What type of electrode is used in TIG welding?

To maintain a constant and compact form of the welding arc, tungsten electrodes that will be used for mechanised or automatic welding should be prepared with a tapered end. The diameter of the electrode, the grinding angle "A" and the diameter "M" of the flattened tip depend on the weld current intensity. Learn more about TIG electrodes here.

What gas is used for orbital welding?

Orbital welding requires specialised mixtures of gas so that the process is able to achieve the smooth results you want. Depending on the application, usually 100% argon gas is used for welding most materials through orbital welding where exotic alloys are frequently welded through a mixture of 95% argon gas and 5% hydrogen.

What are the 5 main types of welding?

There are 5 main types of welding. MIG – Gas Metal Arc Welding (GMAW), Tungsten Inert Gas (TIG) also known as Gas Tungsten Arc Welding (GTAW), Stick – Shielded Metal Arc Welding (SMAW), Flux-cored – Flux-cored Arc Welding (FCAW) and Plasma Arc Welding (PAW). Polysoude focuses since 1961 on TIG welding and is an expert in Plasma Arc Welding for over 25 years.

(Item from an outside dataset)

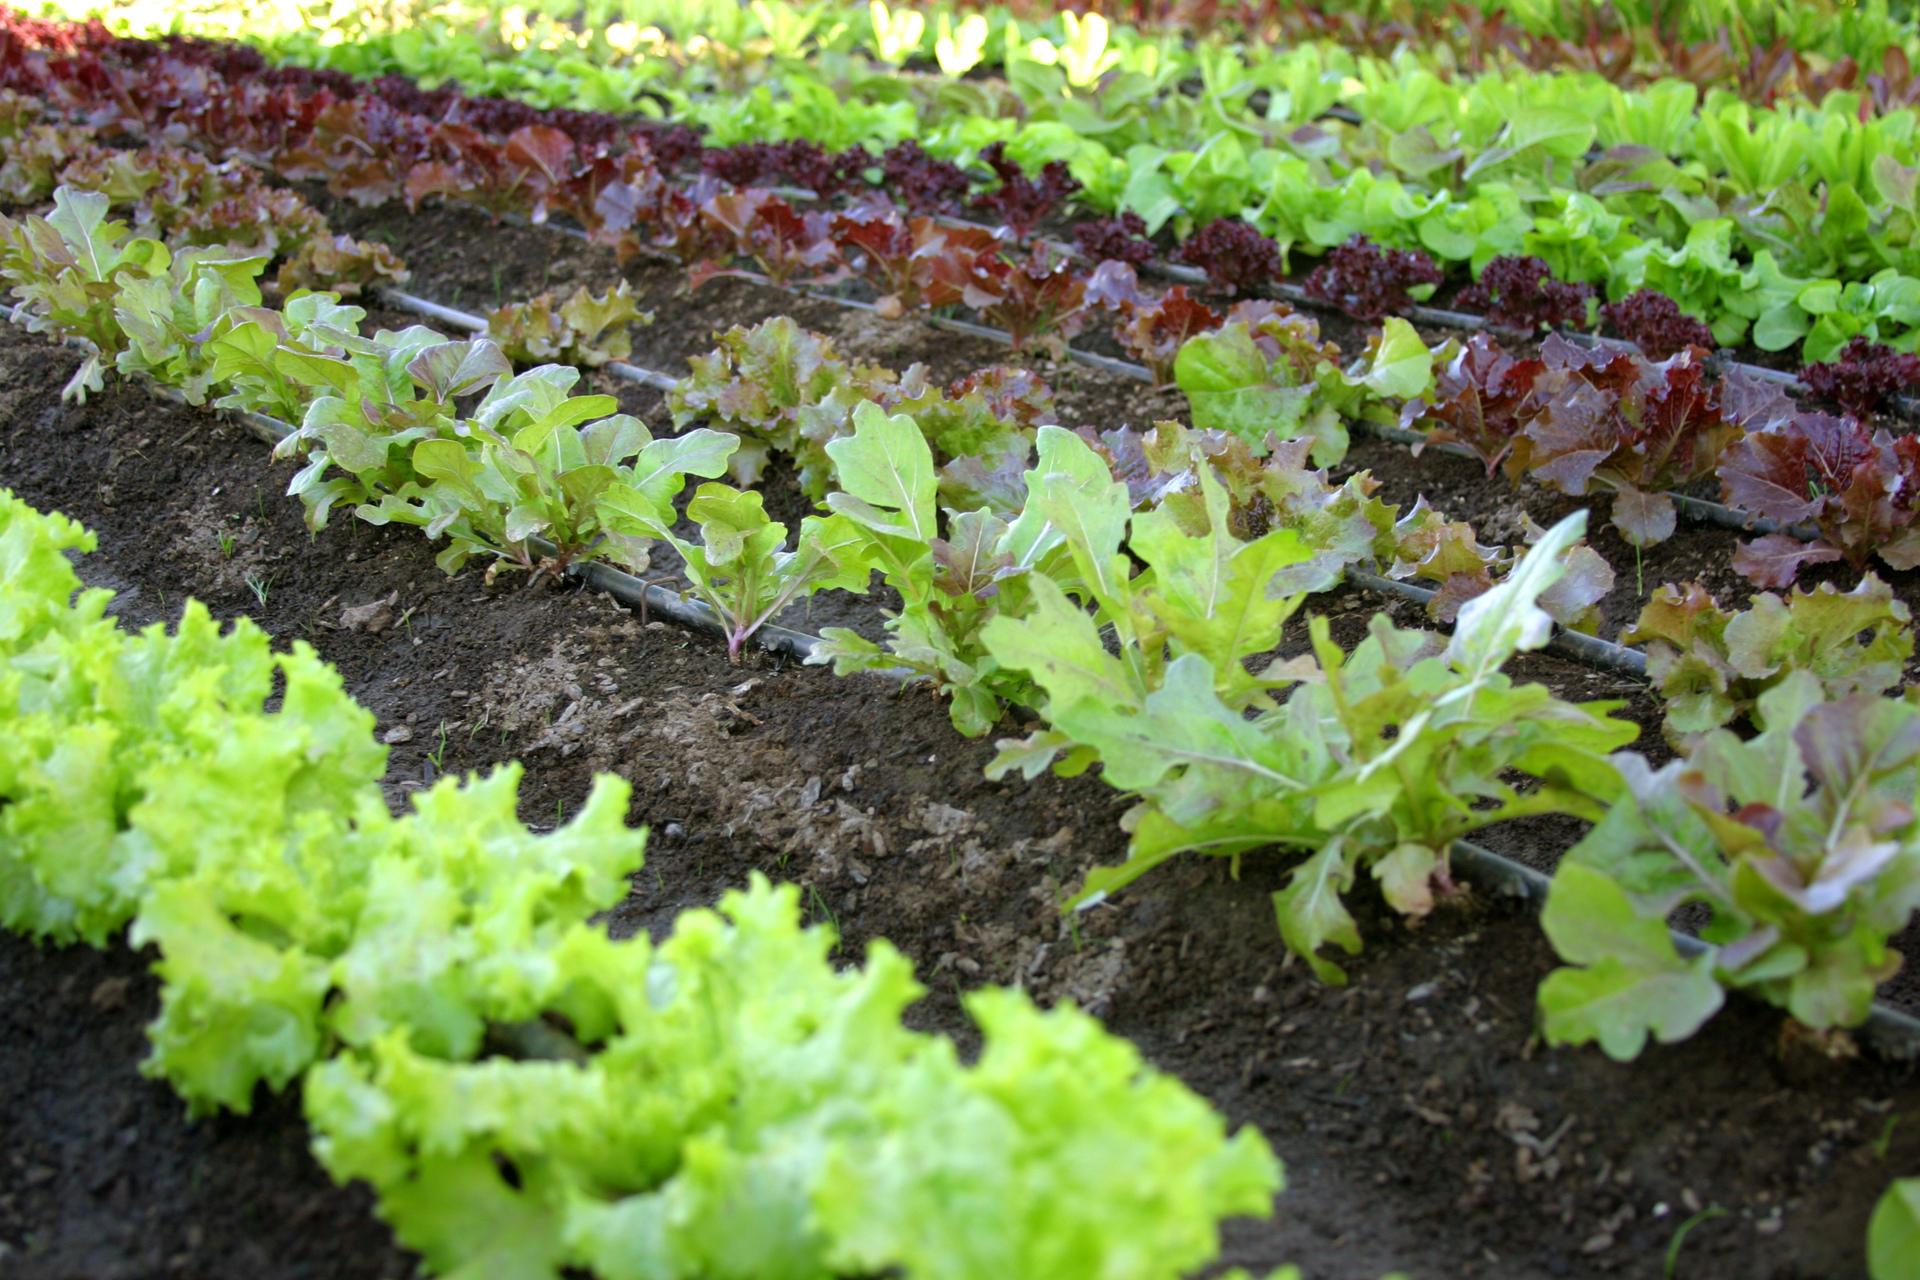 Superieur Organic Vegetable Garden U2013 Ku0026K Superblend Fertilizer For Organic Crops

Is orbital welding automatic?

Since the process is fully automated with rotative motors and controllers as well as with a Smart Welding Station (power source), orbital welding is perfect to produce large quantities of welds because of its repeatability and convenient ergonomics. A combination of semi-automatic and mechanised machines may be used in other applications, called automated welding.

Which welding is strongest?

TIG welding produces clean and precise welds if compared to MIG welding or other Arc welding methods, making TIG welding the strongest. That said, different welding jobs may require different methods, while TIG is generally stronger and higher in quality, you should use another method if the project calls for it, like manual tacking for example.